=== What the exercise asks ===
Filter the entries down to the lines containing "ภาษาอ", and copy those lines.
--- Given information Enclosed Below ---
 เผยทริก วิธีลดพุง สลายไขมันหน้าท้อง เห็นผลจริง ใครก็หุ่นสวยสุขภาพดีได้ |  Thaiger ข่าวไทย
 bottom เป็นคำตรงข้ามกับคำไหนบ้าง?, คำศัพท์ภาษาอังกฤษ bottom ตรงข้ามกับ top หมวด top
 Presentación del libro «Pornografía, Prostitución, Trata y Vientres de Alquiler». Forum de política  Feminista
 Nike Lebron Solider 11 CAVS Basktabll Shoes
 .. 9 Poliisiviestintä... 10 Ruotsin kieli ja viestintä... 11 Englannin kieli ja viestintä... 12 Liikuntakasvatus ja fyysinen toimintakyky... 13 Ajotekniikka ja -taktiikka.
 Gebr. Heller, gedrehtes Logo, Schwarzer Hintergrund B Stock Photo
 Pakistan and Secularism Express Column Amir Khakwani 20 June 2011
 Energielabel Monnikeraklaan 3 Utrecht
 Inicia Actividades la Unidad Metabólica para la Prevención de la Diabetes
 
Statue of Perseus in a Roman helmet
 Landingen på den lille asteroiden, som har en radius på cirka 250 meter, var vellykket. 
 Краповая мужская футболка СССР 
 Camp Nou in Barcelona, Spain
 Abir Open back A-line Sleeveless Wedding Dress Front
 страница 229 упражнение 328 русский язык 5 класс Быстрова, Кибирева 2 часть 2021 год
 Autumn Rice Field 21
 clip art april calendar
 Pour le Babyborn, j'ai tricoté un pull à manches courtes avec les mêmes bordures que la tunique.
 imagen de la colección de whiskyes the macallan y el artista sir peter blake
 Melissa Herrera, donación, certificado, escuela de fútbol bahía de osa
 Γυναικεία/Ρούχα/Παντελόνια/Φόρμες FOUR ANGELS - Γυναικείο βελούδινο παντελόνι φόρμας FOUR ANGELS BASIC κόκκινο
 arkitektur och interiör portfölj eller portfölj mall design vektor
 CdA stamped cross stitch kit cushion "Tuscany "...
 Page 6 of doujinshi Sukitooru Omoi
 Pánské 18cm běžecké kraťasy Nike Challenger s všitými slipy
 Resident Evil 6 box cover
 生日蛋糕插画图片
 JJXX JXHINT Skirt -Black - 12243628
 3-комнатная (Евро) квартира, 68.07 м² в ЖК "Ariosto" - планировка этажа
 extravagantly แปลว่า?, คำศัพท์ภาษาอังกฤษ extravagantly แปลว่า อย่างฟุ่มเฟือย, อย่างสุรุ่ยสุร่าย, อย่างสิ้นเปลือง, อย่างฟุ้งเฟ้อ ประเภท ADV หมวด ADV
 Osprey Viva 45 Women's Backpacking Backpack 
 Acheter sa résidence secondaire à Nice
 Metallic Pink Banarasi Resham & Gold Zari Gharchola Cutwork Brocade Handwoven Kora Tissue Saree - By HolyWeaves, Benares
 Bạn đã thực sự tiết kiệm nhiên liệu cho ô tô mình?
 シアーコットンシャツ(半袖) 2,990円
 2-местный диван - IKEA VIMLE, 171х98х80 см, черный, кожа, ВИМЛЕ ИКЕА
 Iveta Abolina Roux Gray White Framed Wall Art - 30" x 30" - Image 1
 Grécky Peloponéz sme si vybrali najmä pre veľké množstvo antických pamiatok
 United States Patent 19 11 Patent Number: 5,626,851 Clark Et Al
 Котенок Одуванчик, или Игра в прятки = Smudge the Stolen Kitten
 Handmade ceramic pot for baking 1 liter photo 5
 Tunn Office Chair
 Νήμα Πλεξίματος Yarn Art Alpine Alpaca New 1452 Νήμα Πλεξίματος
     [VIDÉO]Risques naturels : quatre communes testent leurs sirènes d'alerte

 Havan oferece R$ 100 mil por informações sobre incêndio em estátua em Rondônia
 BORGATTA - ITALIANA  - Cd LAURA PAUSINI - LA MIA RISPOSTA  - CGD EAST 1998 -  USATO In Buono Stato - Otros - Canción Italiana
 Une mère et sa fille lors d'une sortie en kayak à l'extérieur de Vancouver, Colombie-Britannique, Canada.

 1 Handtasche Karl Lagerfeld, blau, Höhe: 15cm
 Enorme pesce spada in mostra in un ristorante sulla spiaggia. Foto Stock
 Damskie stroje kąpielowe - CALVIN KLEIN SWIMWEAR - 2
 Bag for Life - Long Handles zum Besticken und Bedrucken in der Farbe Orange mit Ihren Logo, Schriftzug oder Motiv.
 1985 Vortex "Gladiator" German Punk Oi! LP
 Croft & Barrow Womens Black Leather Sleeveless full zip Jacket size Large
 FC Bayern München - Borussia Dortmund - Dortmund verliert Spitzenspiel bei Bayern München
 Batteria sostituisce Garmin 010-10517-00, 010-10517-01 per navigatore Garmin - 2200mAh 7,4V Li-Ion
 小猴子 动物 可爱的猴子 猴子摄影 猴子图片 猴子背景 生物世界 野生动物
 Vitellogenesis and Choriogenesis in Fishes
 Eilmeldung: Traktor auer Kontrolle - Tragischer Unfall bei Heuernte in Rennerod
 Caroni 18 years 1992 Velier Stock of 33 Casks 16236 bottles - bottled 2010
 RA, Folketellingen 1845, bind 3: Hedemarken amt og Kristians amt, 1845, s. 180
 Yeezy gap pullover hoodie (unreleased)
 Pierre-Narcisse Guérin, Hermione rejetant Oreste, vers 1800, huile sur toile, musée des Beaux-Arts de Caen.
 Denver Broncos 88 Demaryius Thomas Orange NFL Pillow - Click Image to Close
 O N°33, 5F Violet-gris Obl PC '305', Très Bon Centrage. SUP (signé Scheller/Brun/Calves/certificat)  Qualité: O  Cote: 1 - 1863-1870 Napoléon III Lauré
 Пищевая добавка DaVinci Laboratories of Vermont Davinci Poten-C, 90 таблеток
--- End of Enclosed Given information ---
=== Finished exercise ===
 bottom เป็นคำตรงข้ามกับคำไหนบ้าง?, คำศัพท์ภาษาอังกฤษ bottom ตรงข้ามกับ top หมวด top
 extravagantly แปลว่า?, คำศัพท์ภาษาอังกฤษ extravagantly แปลว่า อย่างฟุ่มเฟือย, อย่างสุรุ่ยสุร่าย, อย่างสิ้นเปลือง, อย่างฟุ้งเฟ้อ ประเภท ADV หมวด ADV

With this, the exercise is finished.